Определив представление о фундаментальных свойствах человеческой души в православной антропологии, мы переходим к рассмотрению православного понимания развития человека с момента сотворения мира. Согласно тексту Библии творение человека значительно отличается от творения всего остального мира: перед творением человека Лица св. Троицы совещаются о нем; сначала творится тело человека, а потом оно восстанавливается к жизни; между творением мужчины и творением женщины положен временной промежуток; только после творения человека Бог находит мир совершенным (Быт. 2). Человек сотворен по образу Божьему и по подобию. Образ Божий — это сама сущность души человека. Некоторые из святых отцов (например, Григорий Нисский и Иоанн Дамаскин) усматривают богообразность не только в духовной, но и в телесной природе человека. Подобие — то, что получено от Святого Духа, это свойства души. Человек сотворен свободным. Разум и свобода взаимосвязаны, так как без свободы разум становится бессмысленным, равно как и свобода без разума. Свобода в православии рассматривается в двух аспектах: как способность поступать в соответствии со своей природой и как способность выбора реализации чьей-либо воли.

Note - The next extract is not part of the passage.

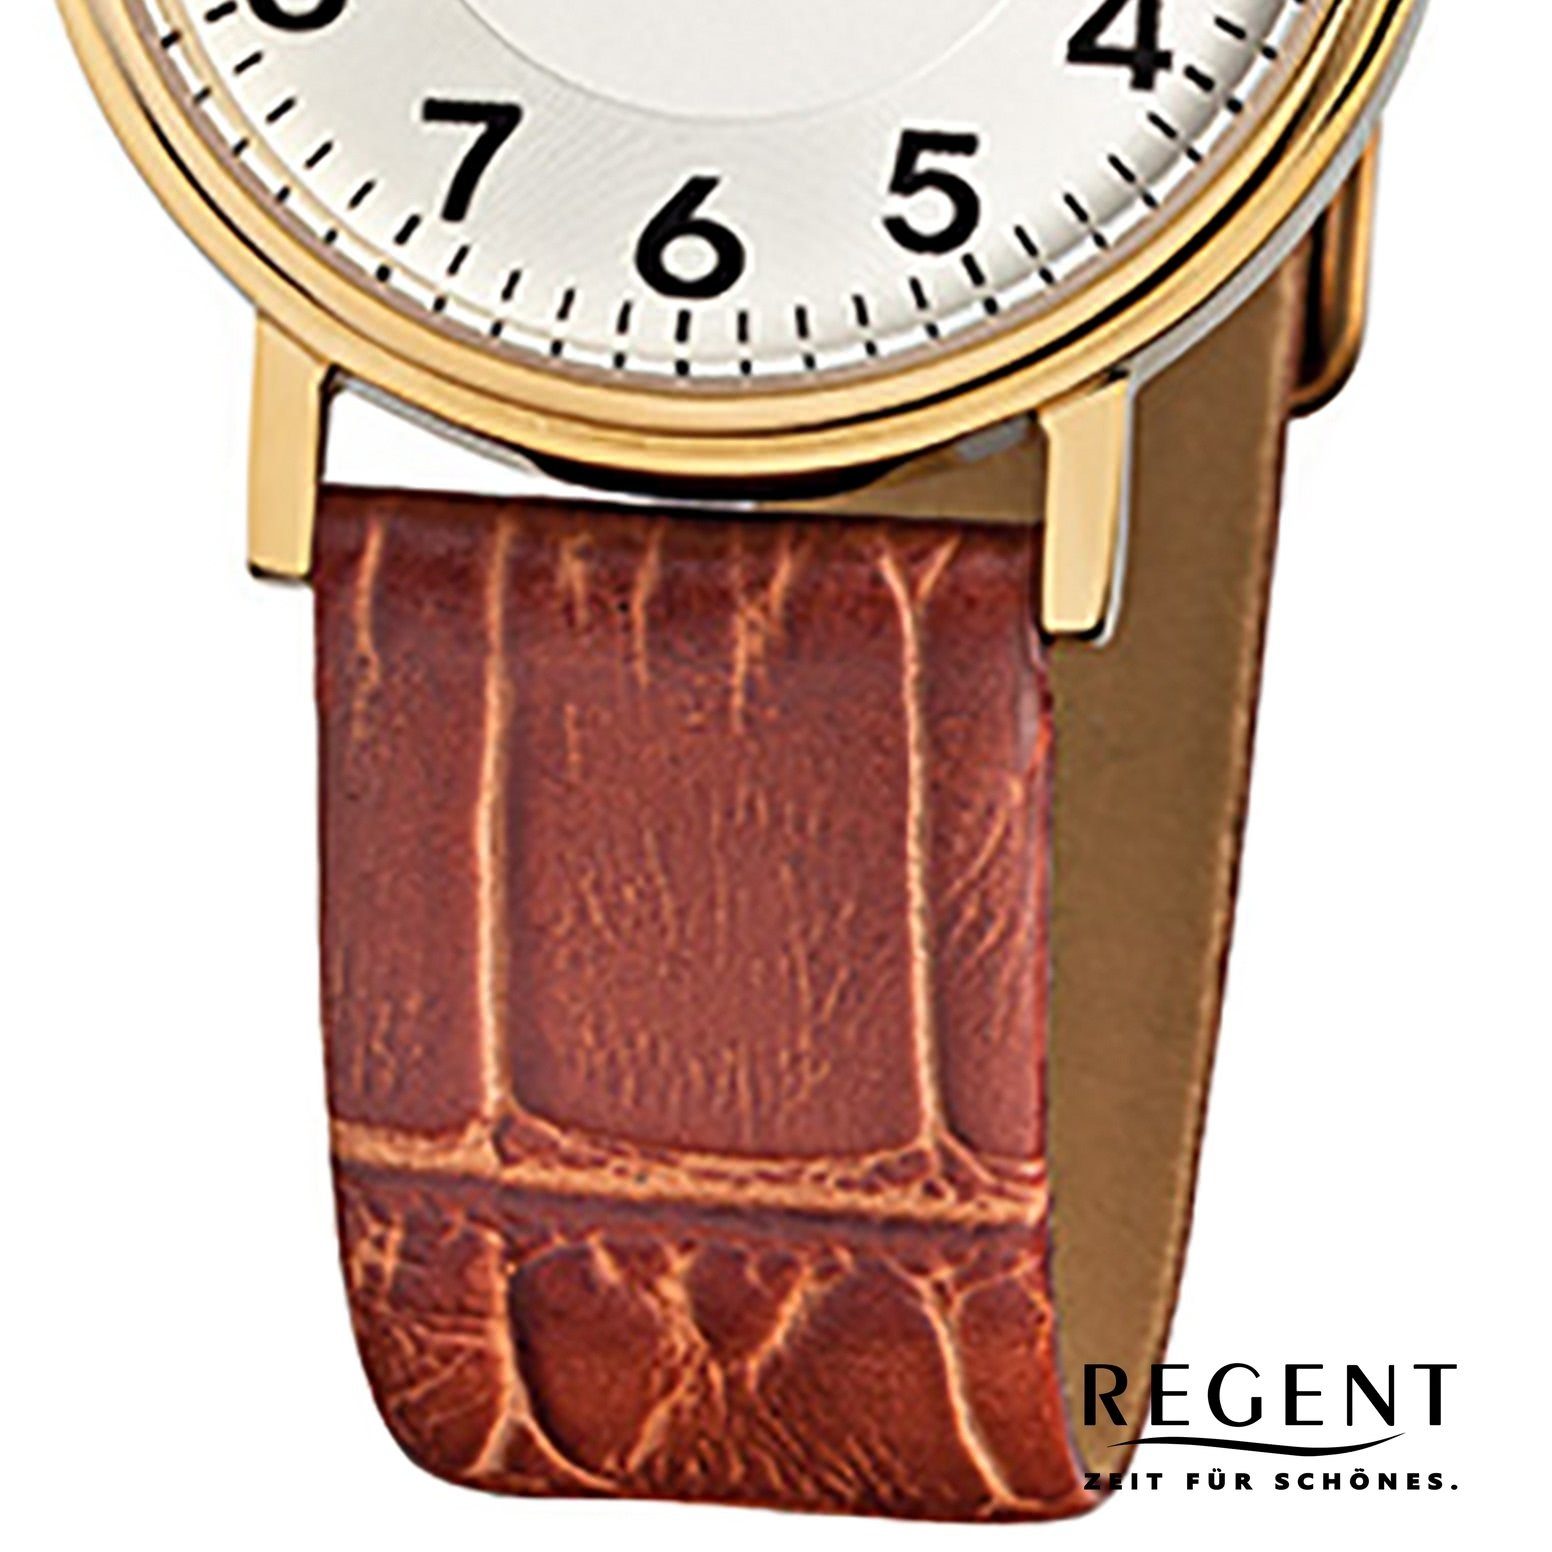 Regent Quarzuhr Regent braun Armbanduhr Lederarmband Damen-Armbanduhr F-328, klein Damen rund, 28mm), (ca. Analog

Первым переломным моментом в истории человечества христианство называет грехопадение первых людей (Быт. 3). Опытное познание Адамом зла приводит к серьезным изменениям не только человеческой природы, но и материального мира в целом. Зло считается противоестественным человеку. Таким образом, совершая зло, человек идет против своей природы, а следовательно утрачивает свободу. Происходит смешение добра со злом, и с этого момента любое действие человека, любое его чувство или помышление несет в себе хоть малую толику зла.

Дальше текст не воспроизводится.